The Huffington Post even offers a handy slide show spelling out how to burn off the 3,000 calories we pack in, on average, at our holiday feasts. A 13-hour walk would do it, as would a four-hour run or a six-and-a-half-hour spin on the elliptical. A 17-hour yoga class or nine-hour jaunt down the slopes would do the trick too.
Or we could sit on the couch with the family members we're lucky to see and talk about life or love or politics or Kim Kardashian. We could read a book to a child if there's one nearby. We could see if there's any brie left.
We could give thanks, in a million different ways, for the calories we just consumed instead of contemplating superhuman feats to destroy them.
--I won't transfer store-bought cookies onto a cute holiday platter and pass them off as homemade.

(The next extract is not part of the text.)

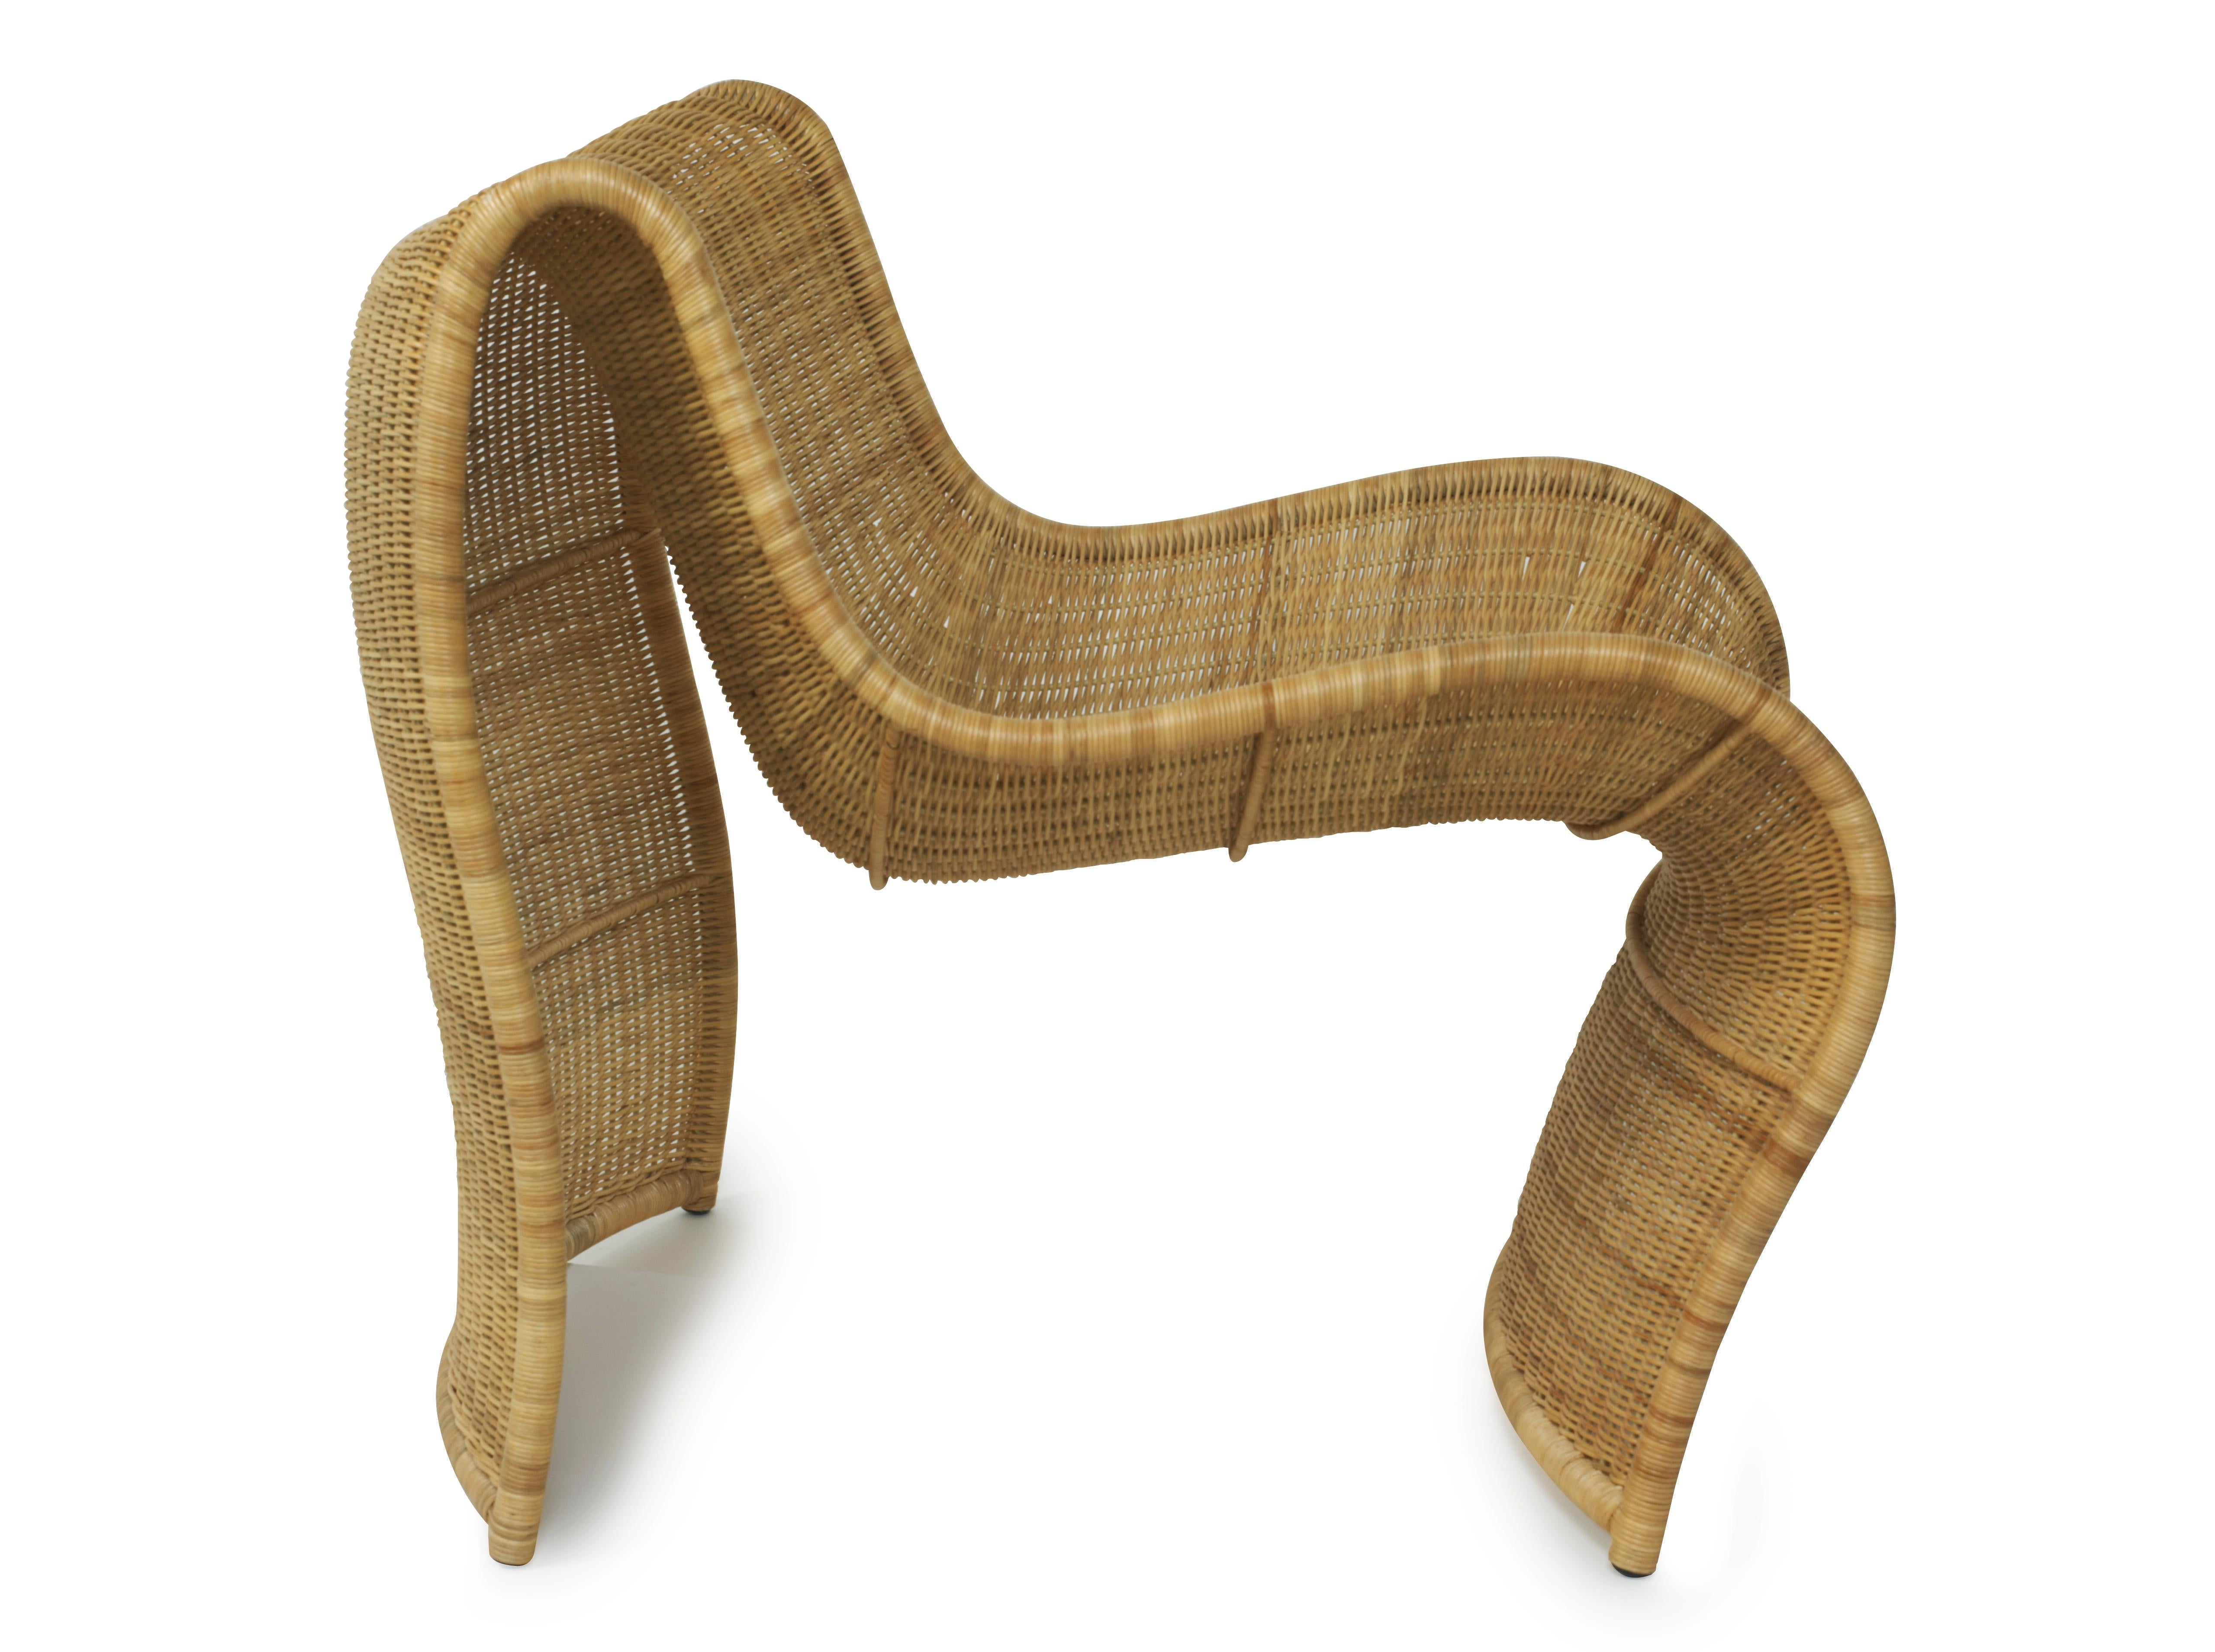 La nouvelle chaise Lola est un remarquable témoignage de la beauté des matériaux naturels et de l'expertise artisanale. Des artisans qualifiés des Philippines tressent méticuleusement la chaise en osier, qui a été présentée d'une manière moderne et

We have a favorite story in my family involving my grandma and some cookies made lovingly by my hilarious, giant-hearted late aunt Merry Lou. "Oh, Merry Lou," my grandma sang when she bit into the treat. "These are almost as good as store-bought!"
High praise from a woman who wouldn't dream of spending her family's hard-earned cash on such luxuries. And an accurate statement, at that: Stores make good stuff.
Humans make good stuff too. If you're one of those humans whose stuff tastes better than a store's stuff -- and (this is a big and) -- you enjoy baking, you should bake stuff. If baking is not your thing, you should not give into real or imagined pressure to pretend that it is.
"I once read a cookbook author who said if the bakery bakes a better pie than you could ever make, you owe it to your guests to serve that instead of your own," my friend Patty told me recently.
You owe it to yourself to leave it in its original container.
Holidays, for all sorts of reasons, have become freighted with guilt. We're supposed to make them magical and memorable for our loved ones, equal parts Pinterest and North Pole.
We should indulge our children's wish lists, even as we teach them happiness can't be found in material possessions. We should create elegant feasts, even as we live in fear of the dreaded calorie. We should do it all, bake it all, decorate it all and attend it all.
This year, I'm just planning to enjoy it all. Starting, of course, with the brie.